2. Unacceptable charges to resident funds
include the following categories and examples:
a) Any charge not authorized and
documented.
b) Nursing, dietary,
activities, room/bed maintenance, and personal hygiene services.
c) Medically necessary items and services are
reimbursed as part of the Medicaid per diem rate. However, any properly made
charge for equipment or services, such as geriatric or gerichairs, wheelchairs,
support shoes, gurneys, and counseling services, must be supported by a written
statement from the resident's physician that documents the item or service was
not of medical necessity. Failure to maintain the physician's denial of medical
necessity statement may result in the facility's reimbursement of charges to a
resident's account.
d)
Transportation.
e) Any item or
service requiring a waiver of the resident's personal needs allowance, such as
for repayment of a debt owed the facility. The personal needs
allowance may be used by a nursing facility for nursing facility costs only
upon the written authorization of the resident or the resident's responsible
party and with the understanding by the resident that this action is voluntary
and is not a requirement.
f) Loans
or collateral for loans to anyone, including the facility and other residents
in the trust fund. A resident's balance must be positive at all times, as a
resident with a negative balance is in effect borrowing money from the other
residents.
g) Transfers or gifts of
money not authorized by the resident, such as when the resident's responsible
party transfers funds without documentation that the funds were used for the
benefit of the resident.
h) Any
item or service as a condition of admission or continued stay.
E. Resident's Access to
Financial Records and Quarterly Statements - The facility must provide each
resident, responsible party, or legal representative of each resident,
reasonable access to the resident's financial records. In addition, the
facility must provide a written statement, at least quarterly, to each
resident, responsible party, or legal representative.
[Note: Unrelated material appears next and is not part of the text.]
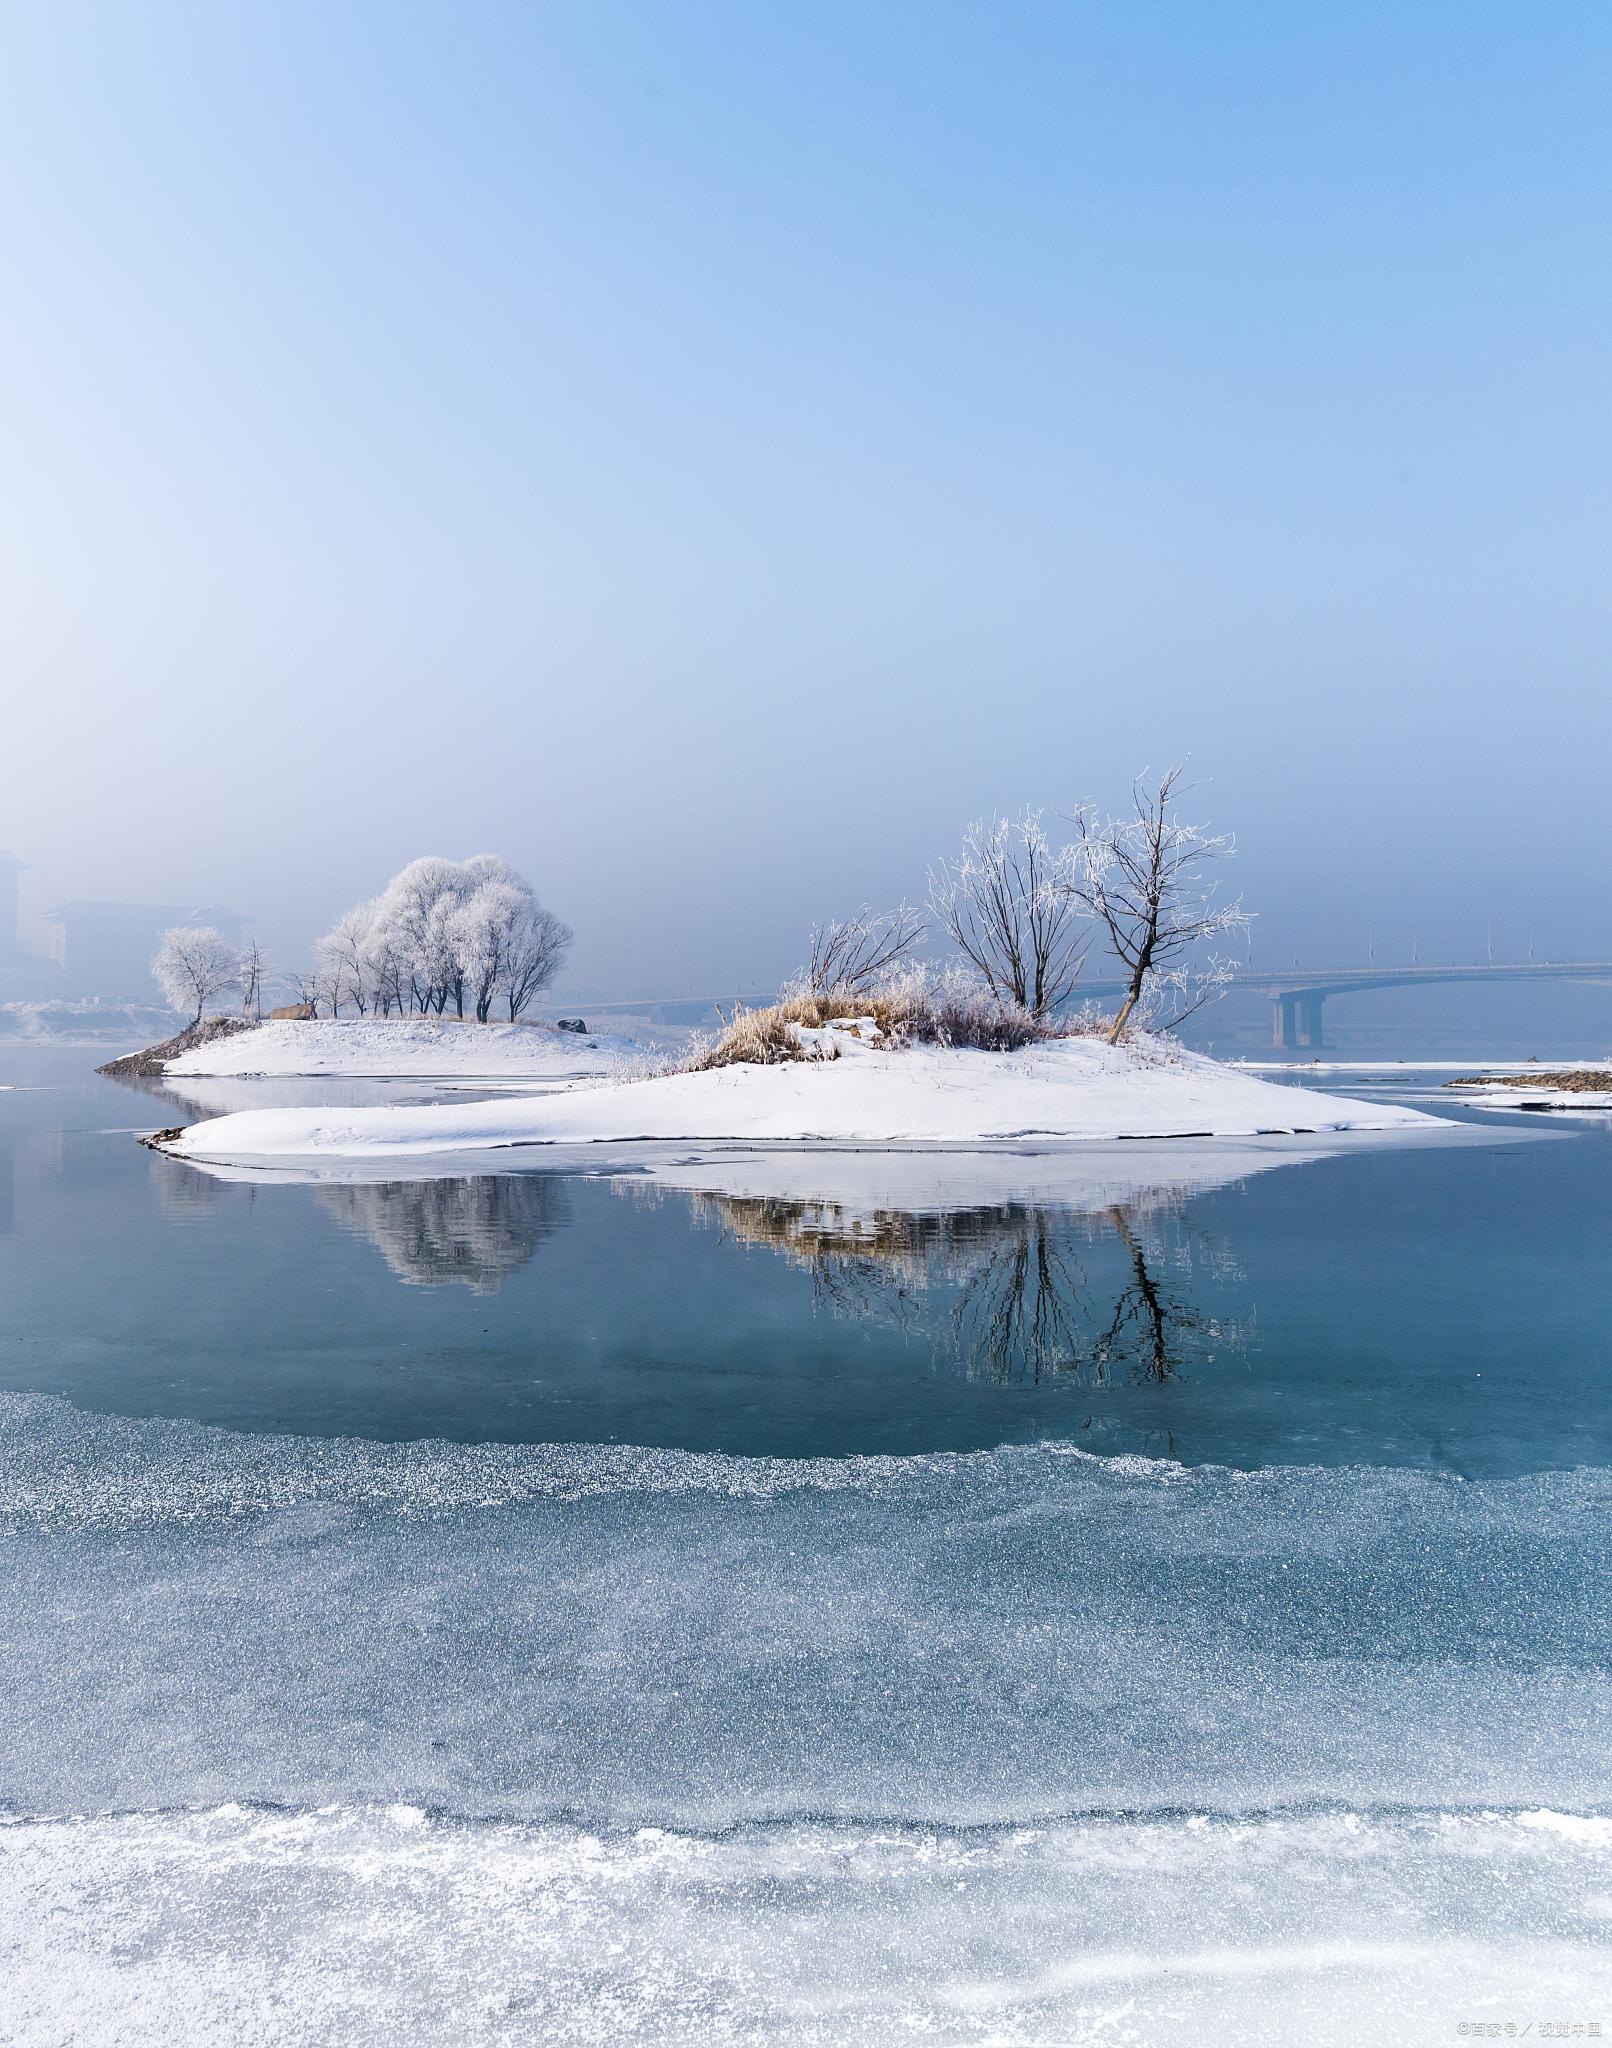 哈尔滨是中国东北地区的一个著名旅游城市,以其冰雪文化和风情而闻名

The quarterly statement
must reflect any resident funds which the facility has deposited in an interest
bearing or a non-interest bearing account, as well as any resident funds held
by the facility in a petty cash account.
F. Commingling of Residents' Funds - The
facility must keep any funds received from a resident for holding, safeguarding
and accounting separate from the facility's funds and from the funds of any
person other than another resident in that facility. The facility may not open
any additional accounts within the trust fund account, such as donation
accounts, miscellaneous accounts, or the like. Only funds of the facility's
residents may be maintained as part of the resident trust fund
account.
G. Deposit of Resident
Funds into an Interest or Non-Interest Bearing Account
1. The facility must deposit any resident's
personal funds in excess of fifty dollars ($50.00) in an interest bearing
account(s) that is separate from any of the facility's operating accounts. The
facility must credit all interest earned on such separate account(s) in one of
the following ways, at the election of the facility:
a) Prorated to each resident's account on an
actual interest-earned basis; or
b)
Prorated to each resident's account on the basis of its end-of-quarter
balance.
2. The facility
must maintain a resident's personal funds that do not exceed fifty dollars
($50.00) in a non-interest bearing account, an interest-bearing account, or a
petty cash fund. However, if the facility maintains a resident's personal funds
of fifty dollars ($50.00) or less in a pooled account with all other residents'
funds, interest is accumulated based on the total amount of funds in the trust
fund account; therefore, all residents must be allocated interest
proportionately in that instance.
3. The facility may neither limit nor
restrict any resident with funds on deposit within the resident trust fund
account to a maximum of fifty dollars ($50.00). A facility may not establish
policy that conflicts with this absolute right of the residents for the
facility to hold, safeguard, manage, and account for all residents' funds
deposited with the facility.
H. Access to Funds
1. Funds held in the facility - The residents
must have access to funds daily during normal business hours and for some
reasonable time of at least two (2) hours on Saturdays and Sundays. The
facility must, upon request or upon the resident's transfer or discharge,
during normal business hours, return to the resident, the legal guardian or the
representative payee all funds remaining that the facility has received for
holding, safeguarding and accounting and that are maintained in a petty cash
fund.
2. Funds held outside the
facility - For a resident's personal funds that the facility has received and
that are deposited in an account outside the facility, the facility, upon
request, must, within five (5) business days, return to the resident, the legal
guardian, or the representative payee, all or any part of those
funds.
I. Accounting on
Change of Ownership
1. Duties of new owner -
Upon sale of the facility or other transfer of ownership, the facility must
provide the new owner with a written accounting of all resident funds being
transferred and obtain a written receipt for those funds from the new
owner.
2. Duties to resident - The
facility must give each resident or representative a written accounting of any
personal funds held by the facility before any transfer of ownership
occurs.
3. Rights of resident - In
the event of a disagreement with the accounting provided by the facility, the
resident retains all rights and remedies provided under state law.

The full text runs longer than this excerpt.